JAKARTA, 25 September 2025 – Mantan Menteri Pendayagunaan Aparatur Negara dan Reformasi Birokrasi (MenPAN RB) Abdullah Azwar Anas ikut terseret dalam kasus dugaan korupsi pengadaan laptop Chromebook di Kementerian Pendidikan, Kebudayaan, Riset, dan Teknologi (Kemendikbudristek).
Azwar Anas diperiksa sebagai saksi oleh penyidik Kejaksaan Agung pada Rabu (24/9). Kepala Pusat Penerangan Hukum Kejaksaan Agung, Anang Supriatna, mengatakan pemeriksaan itu terkait jabatan Azwar Anas saat masih menjabat Kepala Lembaga Kebijakan Pengadaan Barang dan Jasa Pemerintah (LKPP) pada 2022.
“Yang bersangkutan diperiksa sebagai saksi sehubungan dengan penyidikan Chromebook,” kata Anang saat dikonfirmasi.
Lima Tersangka Termasuk Nadiem
Kejaksaan Agung sebelumnya telah menetapkan lima tersangka dalam kasus ini. Mereka adalah mantan Menteri Pendidikan Nadiem Makarim, mantan staf khususnya Jurist Tan, konsultan Kemendikbudristek Ibrahim Arief, Direktur Sekolah Menengah Pertama periode 2020-2021 Mulyatsyah, serta Direktur Sekolah Dasar periode 2020-2021 Sri Wahyuningsih.
Penyidik menyebut Nadiem memberi arahan dalam rapat daring pada 6 Mei 2020 agar pengadaan perangkat laptop menggunakan ChromeOS dari Google. Padahal, kajian yang menyatakan Chromebook lebih unggul dibanding sistem operasi lain baru terbit sebulan kemudian, Juni 2020.
Nilai proyek digitalisasi pendidikan Kemendikbudristek periode 2019–2022 mencapai Rp 9,3 triliun. Dari jumlah itu, Rp 1,9 triliun ditaksir merugikan keuangan negara. Dana berasal dari alokasi khusus (DAK) dan Anggaran Pendapatan dan Belanja Negara (APBN).
Bantahan Nadiem
Nadiem Makarim membantah tuduhan menerima keuntungan dari proyek pengadaan Chromebook. Menurutnya, penggunaan Chromebook justru lebih hemat biaya.
“Proses pengadaan laptop ini sudah menggunakan mekanisme yang paling mengurangi konflik kepentingan,” ujarnya.

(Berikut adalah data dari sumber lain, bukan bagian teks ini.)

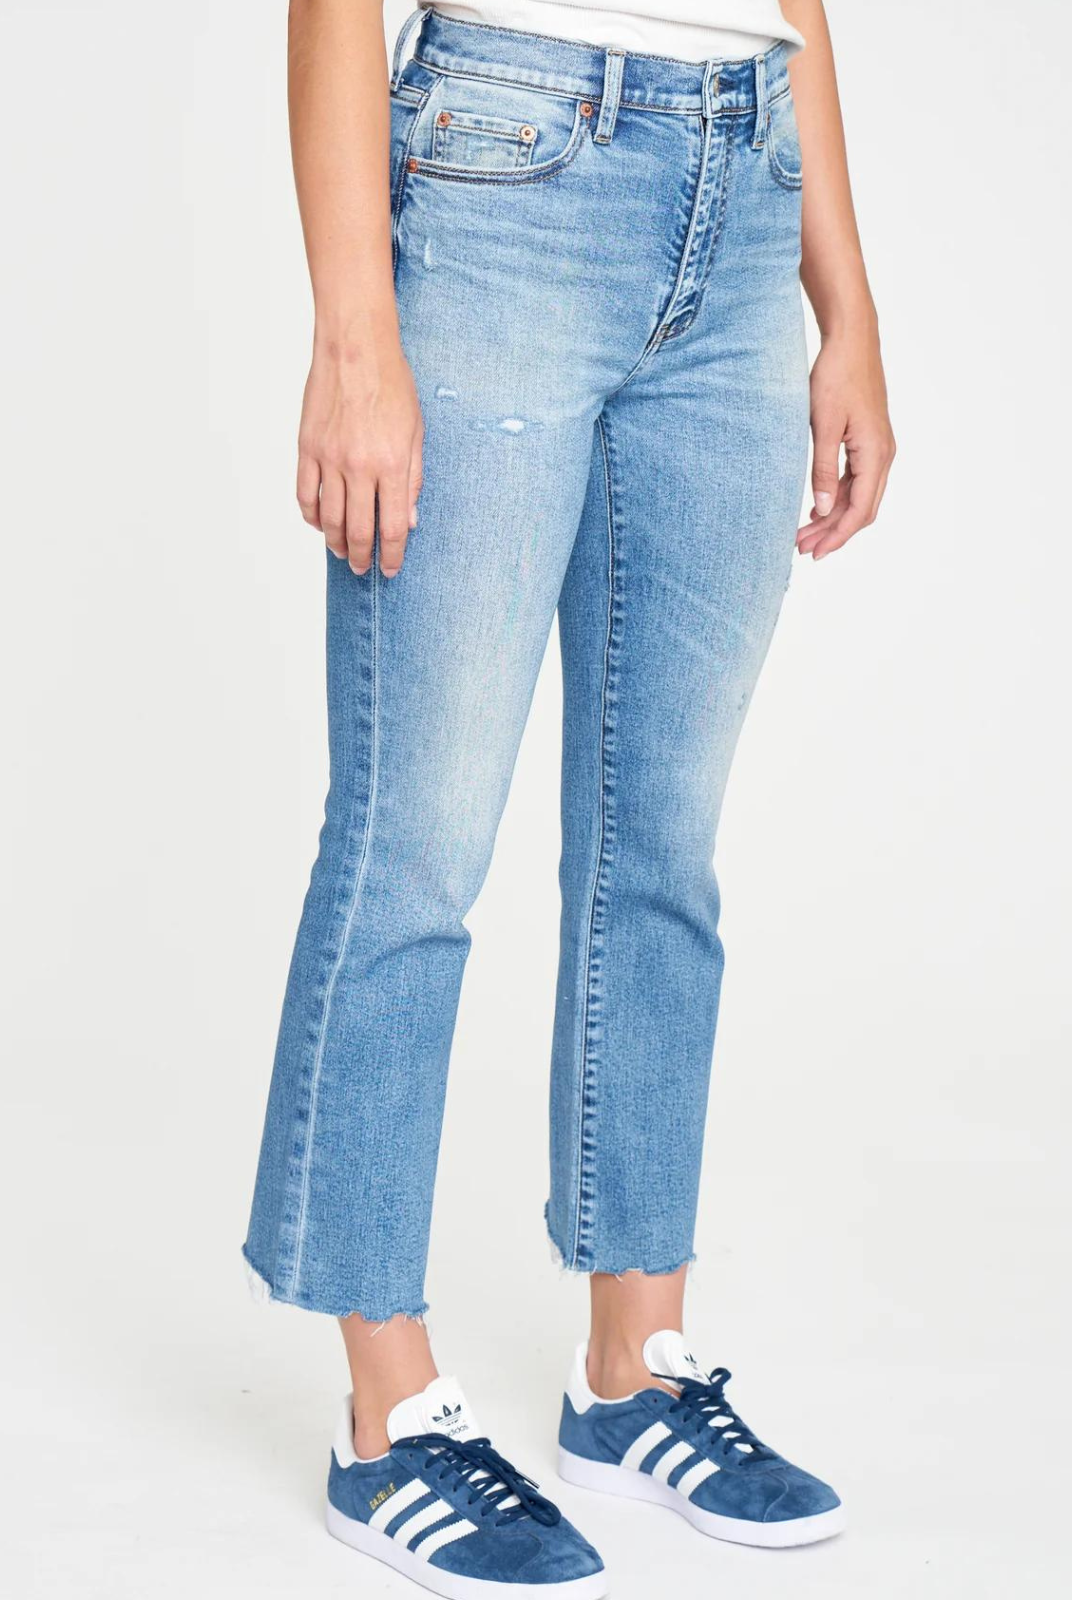 Daze- Shy Girl Crop Flare-PDA Need a Hug? This cropped flare is made using our "Hug" denim. It is a slightly heavier fabric with a stretch that hugs your body, while smoothly cinching you in. In a medium wash with vintage fading, this is a core jean for your closet.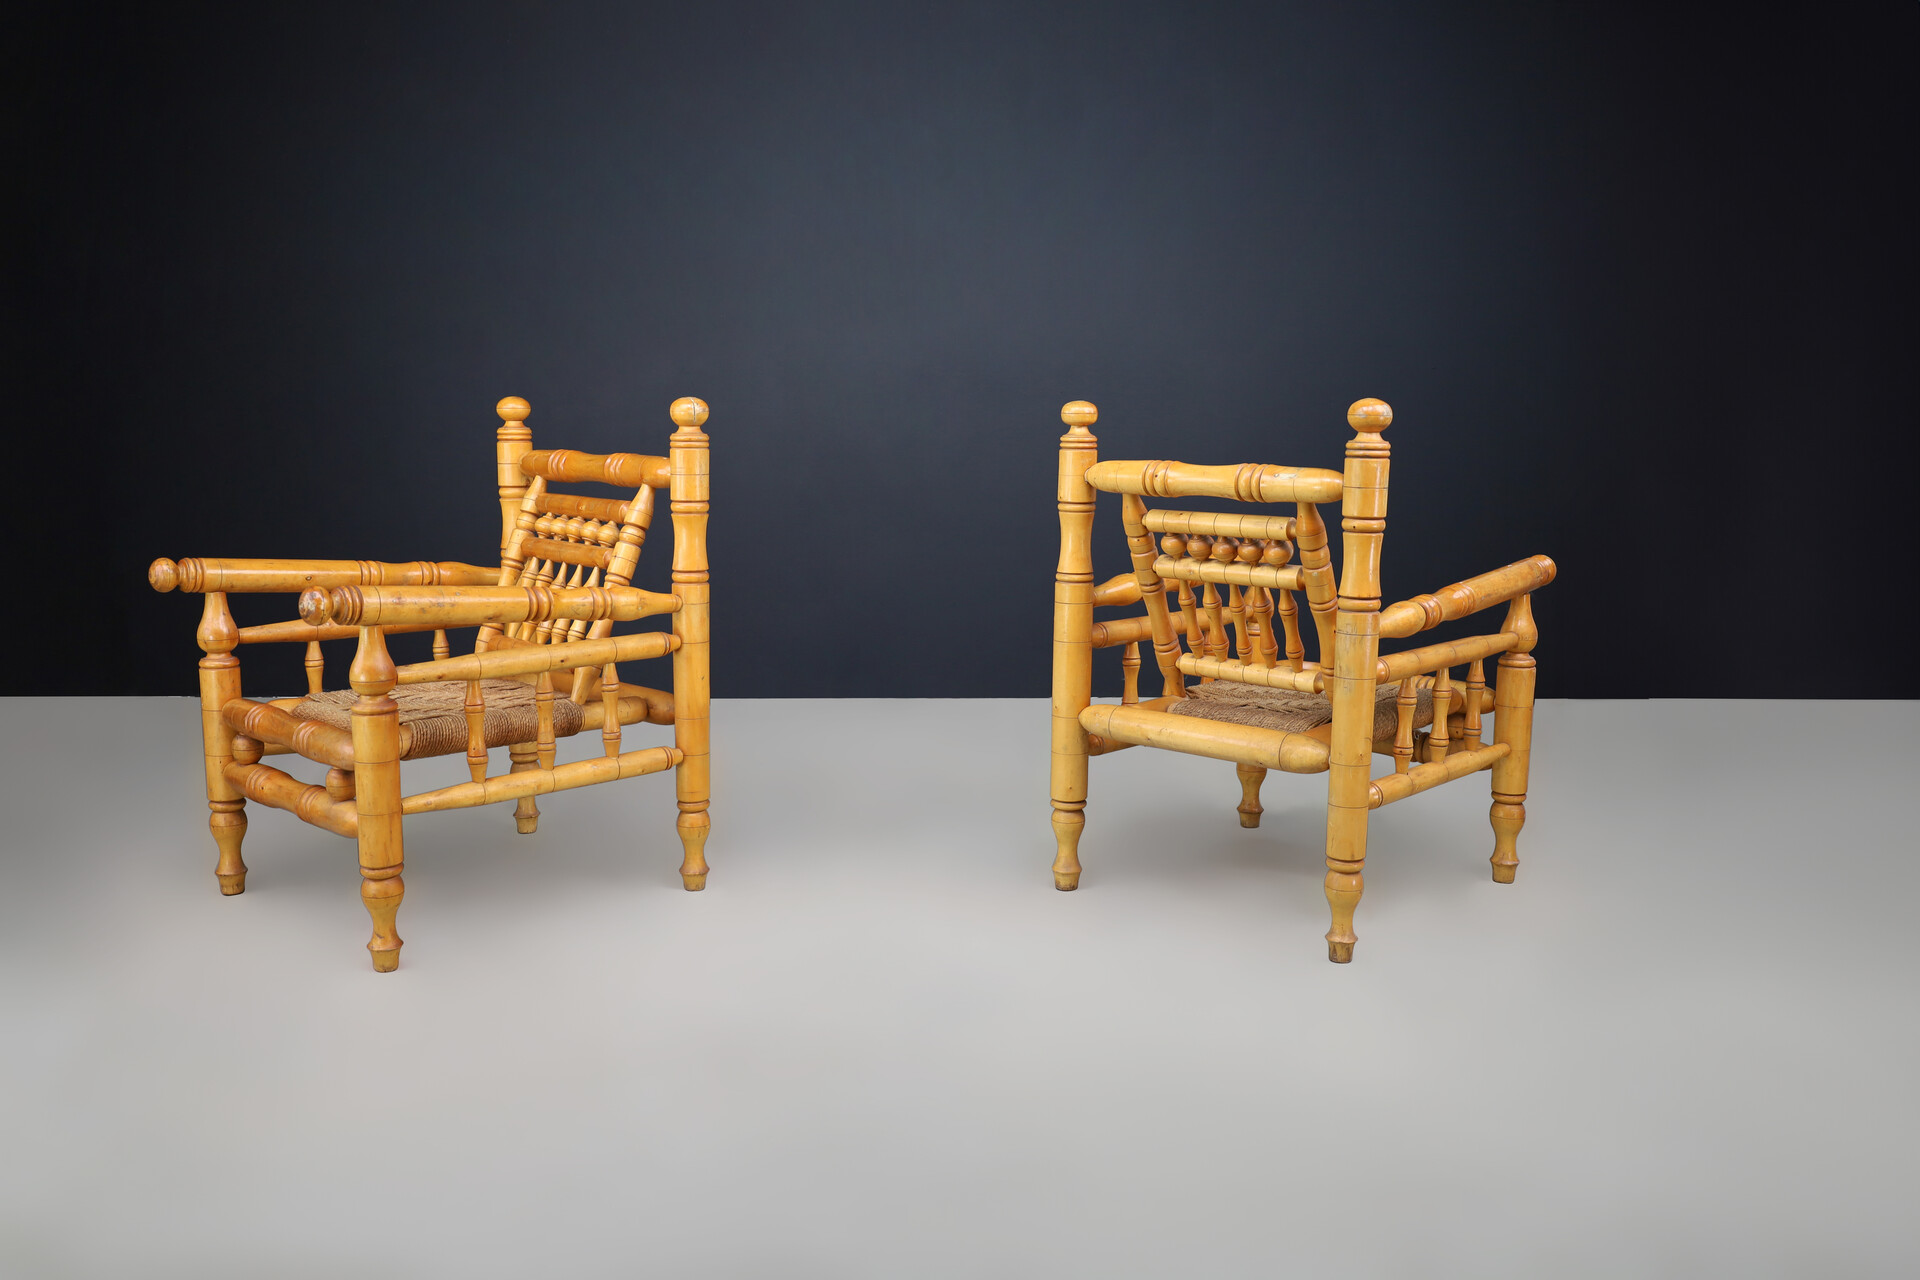 Mid century modern Adrien Audoux and Frida Minet beech and rope Lounge Chairs set/2, France 1950 Mid-20th century

Meski demikian, Nadiem langsung ditahan setelah ditetapkan sebagai tersangka. Dengan mengenakan rompi tahanan, ia sempat menyampaikan kepada wartawan, “Saya tidak melakukan apa pun. Tuhan akan melindungi saya. Kebenaran akan keluar.”
Awal Mula Proyek Chromebook
Direktur Penyidikan Jampidsus Kejaksaan Agung, Nurcahyo Jungkung Madyo, menjelaskan latar belakang masuknya produk Google dalam proyek digitalisasi pendidikan.
Google disebut pernah mengirim surat kepada Menteri Pendidikan Muhadjir Effendy pada 2019, meminta agar produknya dilibatkan dalam program pengadaan perangkat Teknologi Informasi dan Komunikasi (TIK). Namun, surat itu tak dijawab karena uji coba Chromebook pada tahun yang sama dinilai gagal, terutama di sekolah-sekolah di wilayah tertinggal, terluar, dan terdepan (3T).
Setelah Muhadjir digantikan oleh Nadiem pada Oktober 2019, komunikasi antara Google dan Kemendikbud kembali terjalin. Nadiem disebut bertemu dengan perwakilan Google Indonesia pada Februari dan April 2020.
Dalam serangkaian pertemuan tersebut, disepakati penggunaan ChromeOS dan Chrome Devices Management (CDM) sebagai platform utama pengadaan laptop di sekolah.
Kajian teknis awal program sempat memunculkan pilihan lain seperti Windows, Linux, dan MacOS. Namun, kajian review yang kemudian diterbitkan Juni 2020 menyatakan Chromebook lebih unggul dan layak dipilih.